Vacationing in Italy.
Viewing the cosmos from the southern hemisphere.
Visiting the Great Pyramid.
Completing a marathon.
Hiking down the Grand Canyon.
Fill In The Blank…
Bucket lists are pretty common. Lots of people I know have them and use them as things to look forward to. Things to work for. Things to plan for, to check off, to consider a life’s achievement when done.
But just how good are bucket lists for us? It’s great to have goals, but when we spend our time focusing on the future and planning for something down the road (and that we may not ever accomplish), we miss a lot of the now. Bucket lists also become another type of to-do list, and can make you feel as if you’re missing out if you don’t check it off your list. And don’t we have enough to do in our lives already?
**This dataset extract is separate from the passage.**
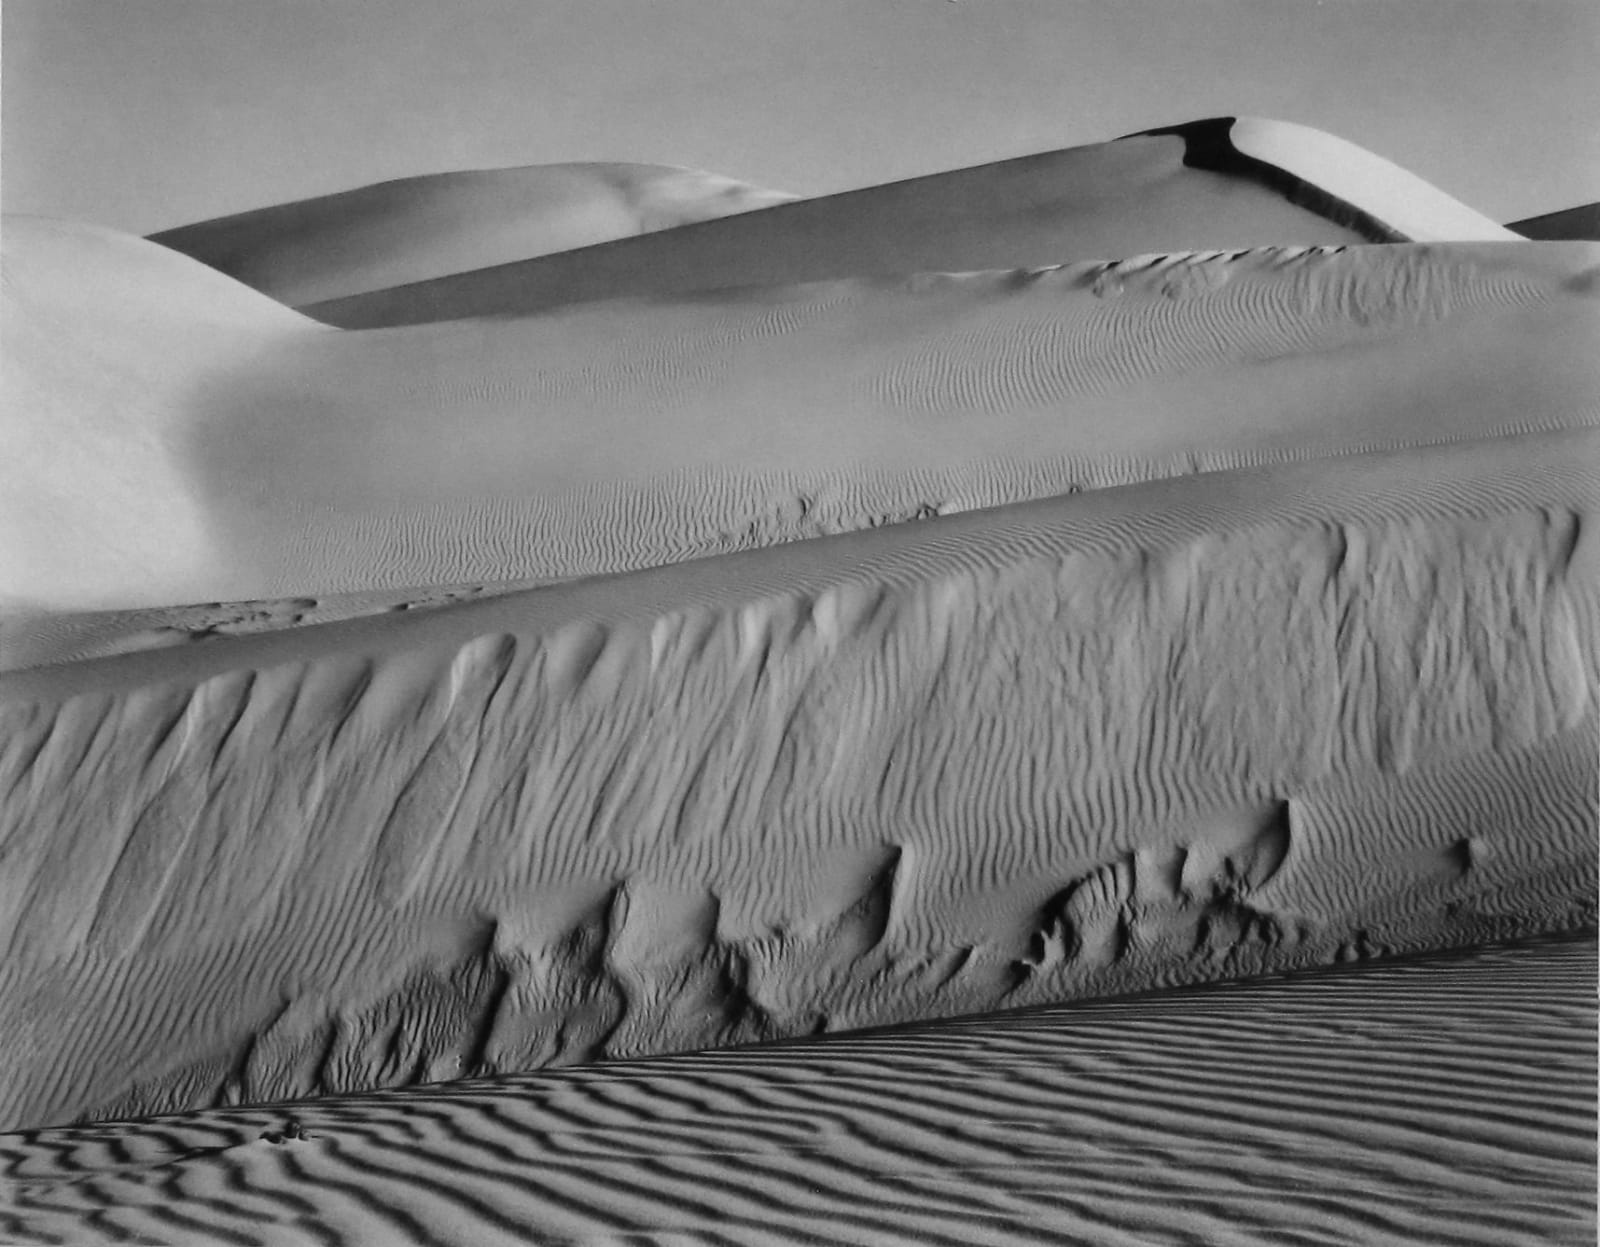 Edward Weston, Oceano, 1936

Don’t many of us already concentrate too hard on the things we need to do next, along with the deadlines that come with them?
In case you haven’t noticed, bucket lists have deadlines, too. Which adds even more pressure to the “to do” list we have inside our heads.
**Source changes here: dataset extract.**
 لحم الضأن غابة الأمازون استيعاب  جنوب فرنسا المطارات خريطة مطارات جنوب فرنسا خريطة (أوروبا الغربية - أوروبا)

Yes, it’s true we only live once. But, in my mind, that’s an excuse to find happiness in things or places or situations that are outside of the here and now. And that are external to us.
So what if you let go of your bucket list and simply focused on what you’ve got right now? What if you gave up on the idea of a vacation that’s in some faraway place, and instead spent your time being mindful of where you are at this very moment? The beauty that nature has to offer right in your own backyard or the nearest park or beach? The liveliness we share with the people around us, and those we love and embrace as part of the richness of our lives? The silence and peace that comes with letting go, of not thinking about a checklist for our life to feel complete?
Think about it. Instead of focusing on your next “real vacation” or your next “exciting activity” or your next “real moment” that takes you out of your everyday life, focus on pursuing what’s meaningful to you.
And if you don’t know what’s meaningful to you, then isn’t that what you should pursue instead of a bucket list anyway?